Directions - Pictures aside, repeat the listing below exactly.

Data -
BEGIN
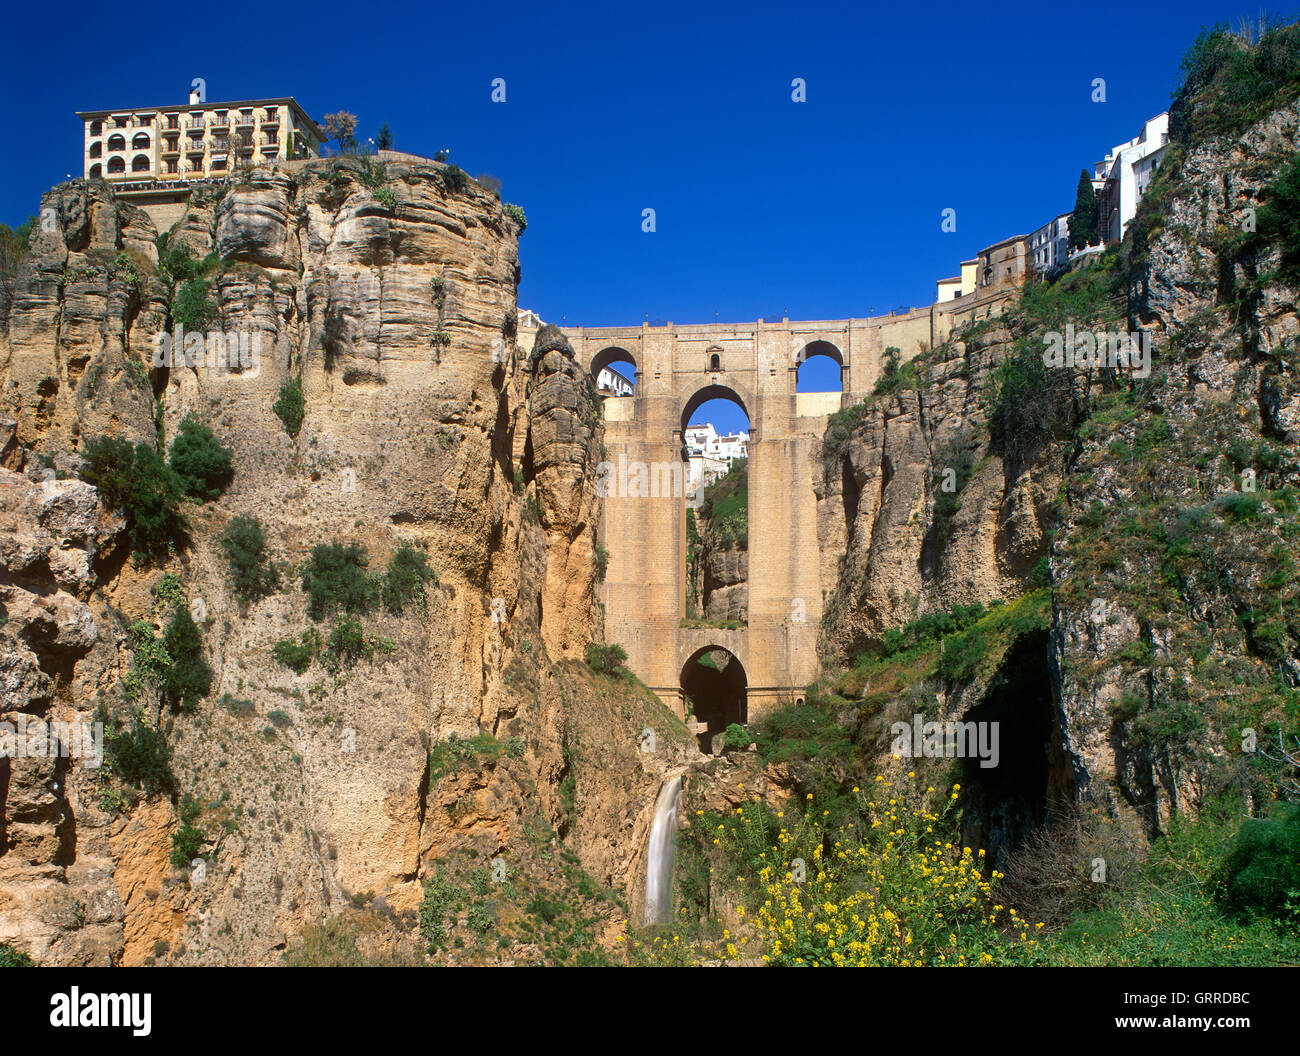 Puente Nuevo and El Tajo Gorge, Ronda, Andalucia, Spain - Stock Image
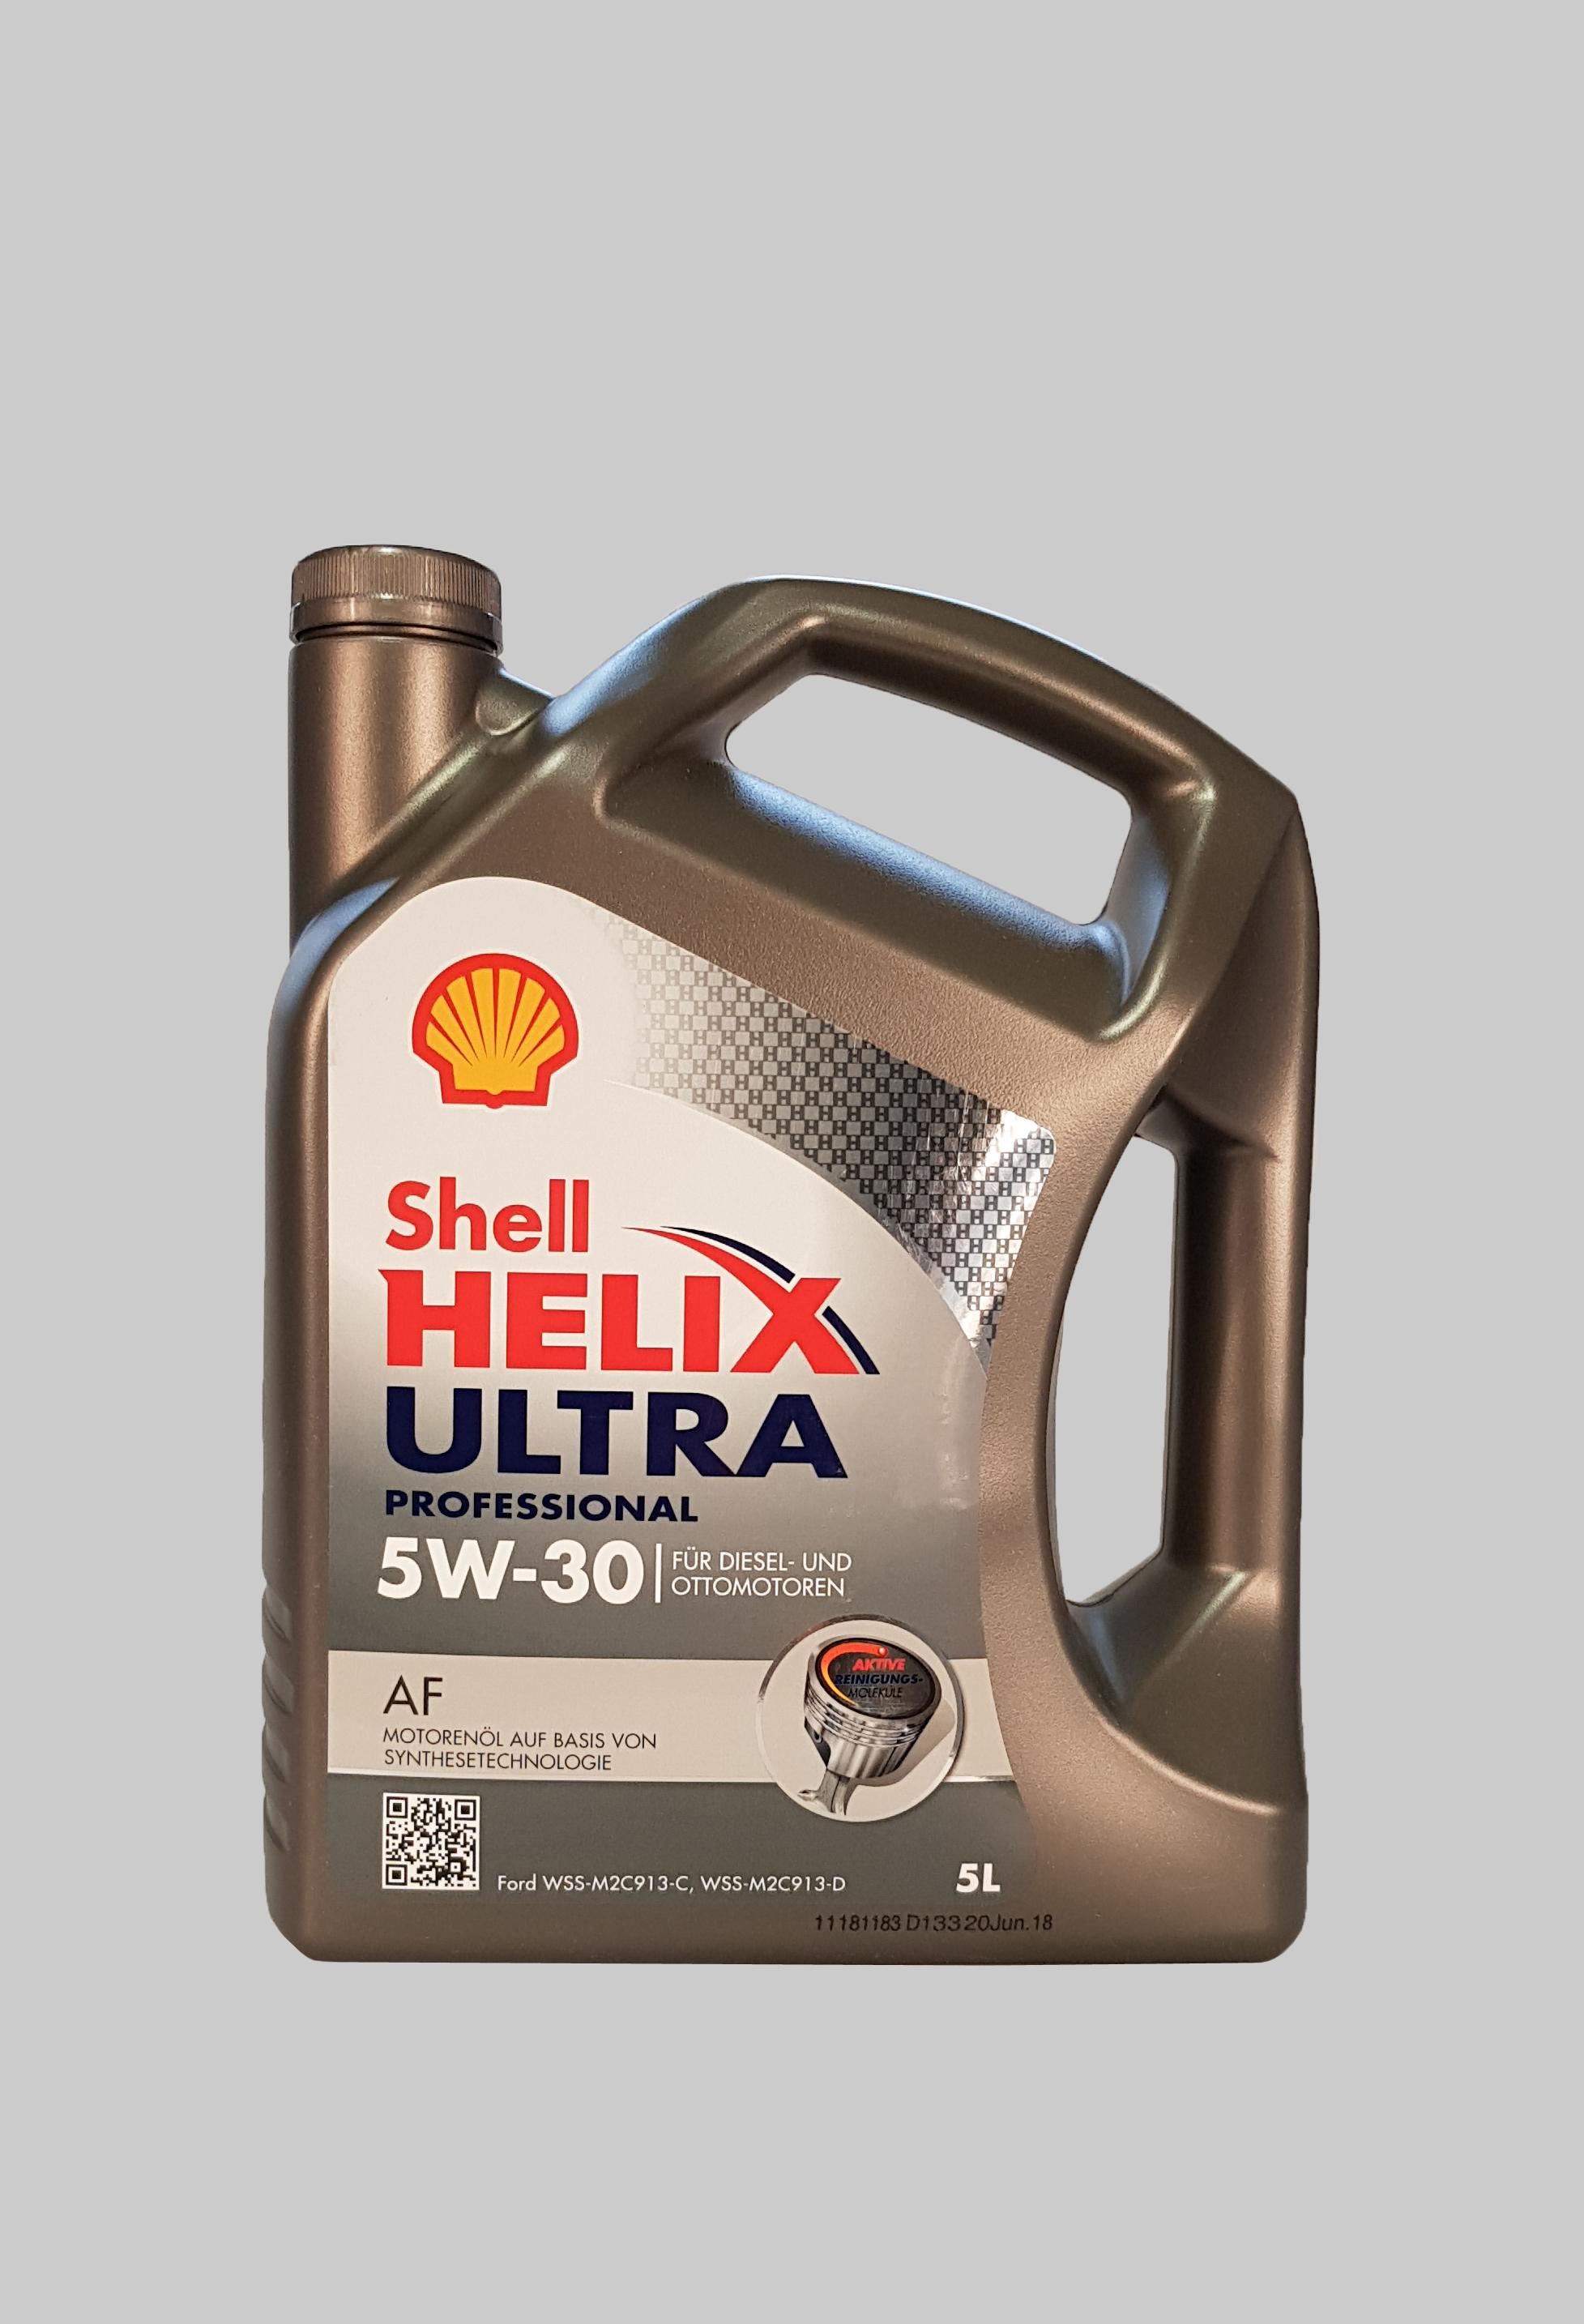 Shell Helix Ultra Professional AF 5W-30 5 Liter
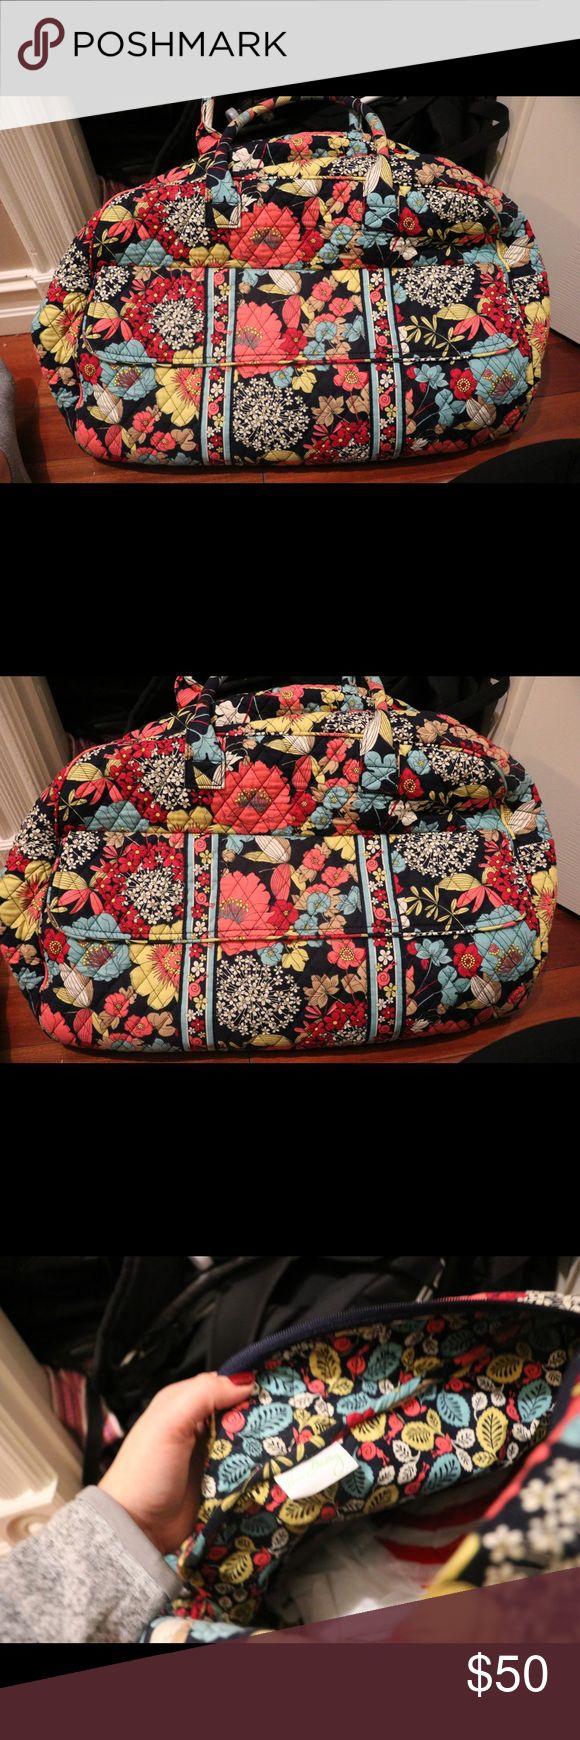 Vera Bradley Duffel Super cute & in great condition! Vera Bradley Bags Travel Bags
END
Task answer -
 Puente Nuevo and El Tajo Gorge, Ronda, Andalucia, Spain - Stock Image
 Shell Helix Ultra Professional AF 5W-30 5 Liter
 Vera Bradley Duffel Super cute & in great condition! Vera Bradley Bags Travel Bags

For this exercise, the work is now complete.